Thanks for posting the Joe Beef article!
Keith – non article related- I am subscribed to your newsletter but I don’t receive it. I love the content (read it through website), would you mind checking to see if there is anything you can do to help?
I can check when i’m home from this trip but maybe try signing up again? i’m wondering if there was a typo in your email address. Or maybe it’s getting filtered out somehow
Hi Keith,
I enjoy reading your posts. You’re the main (only?) reason I subscribe to the leviathan from Bristol. You wrote above, “If you believe such things matter…” in the case of BethAnn McLaughlin. I worked as a copy editor for a good while, and I think that your comment may be misleading here. What she is doing undeniably does matter. Is it the petitions that might have little to no effect at times?

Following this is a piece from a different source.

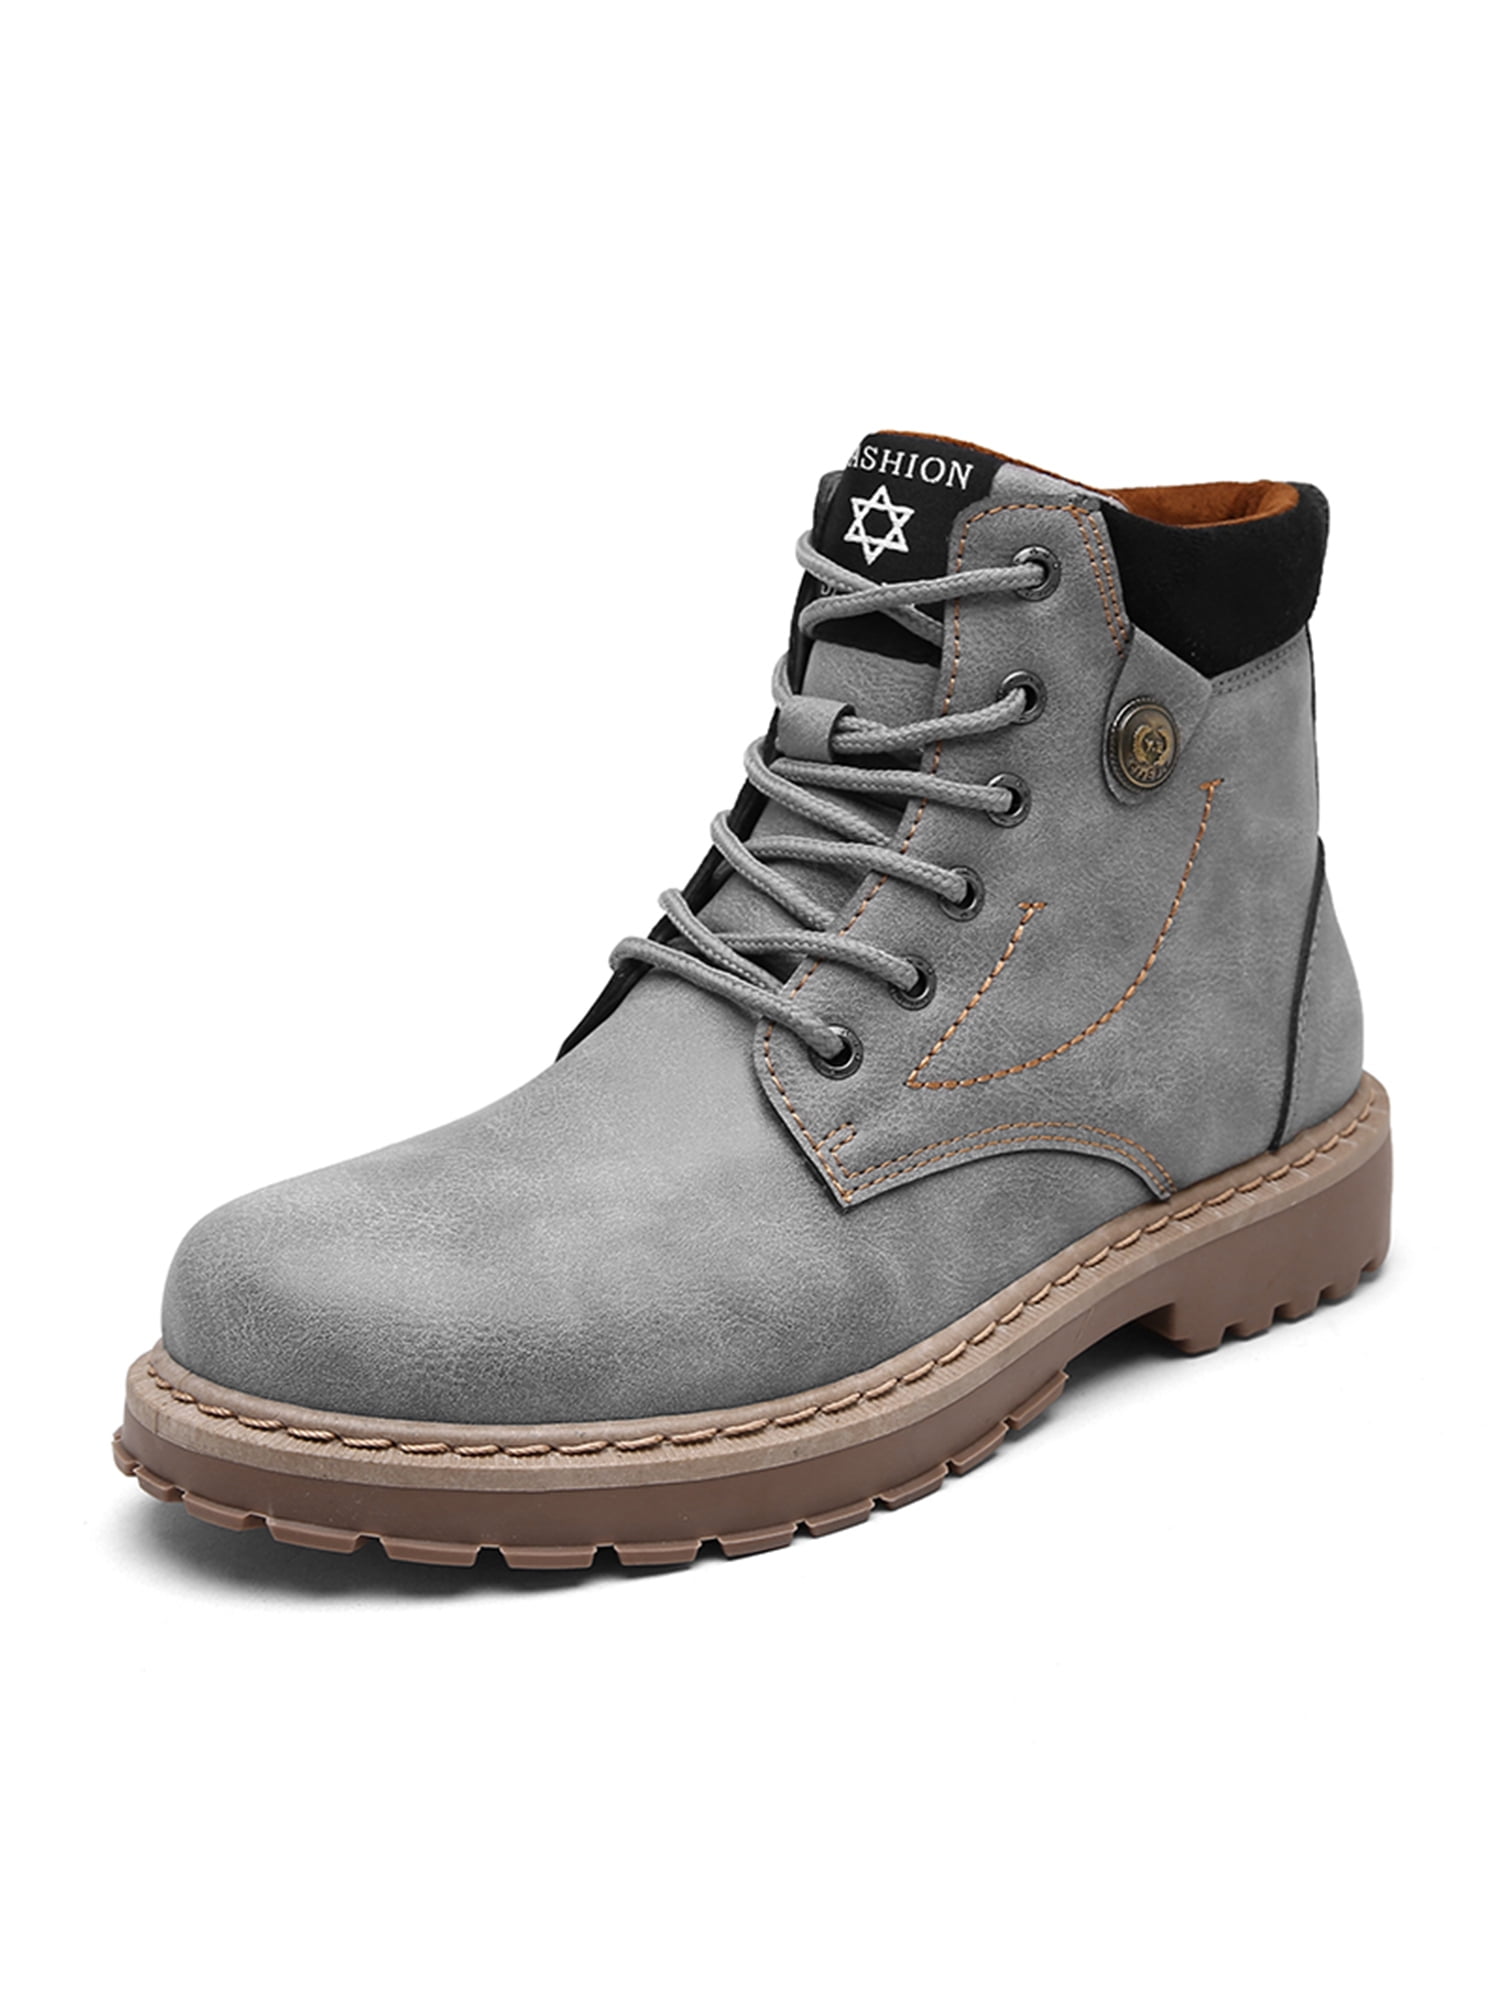 Own Shoe - Men's Martin Boots New Versatile Urban Fashion Waterproof ...
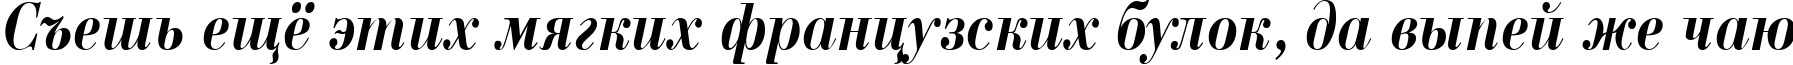 Пример написания шрифтом a_BodoniNovaNr BoldItalic текста на русском

For those interested in more context about BethAnn McLauglin’s case, the Science piece linked within the Inside Higher Ed story is good. She also authored the following piece on “winning” a Title IX case (posted anonymously, but she has subsequently admitted to authoring it): http://proflikesubstance.scientopia.org/2016/12/20/winning-a-title-ix-case/
That comment is very clearly related to the remainder of the sentence, which is about a petition.
I made the mistake of perusing the comments in the Charlotte Observer editorial. Can’t tell if some of the anti-vaxxers are real or bots (please let them be bots). Either way, it was scary reading the ignorant comments by the anti-vaxxers.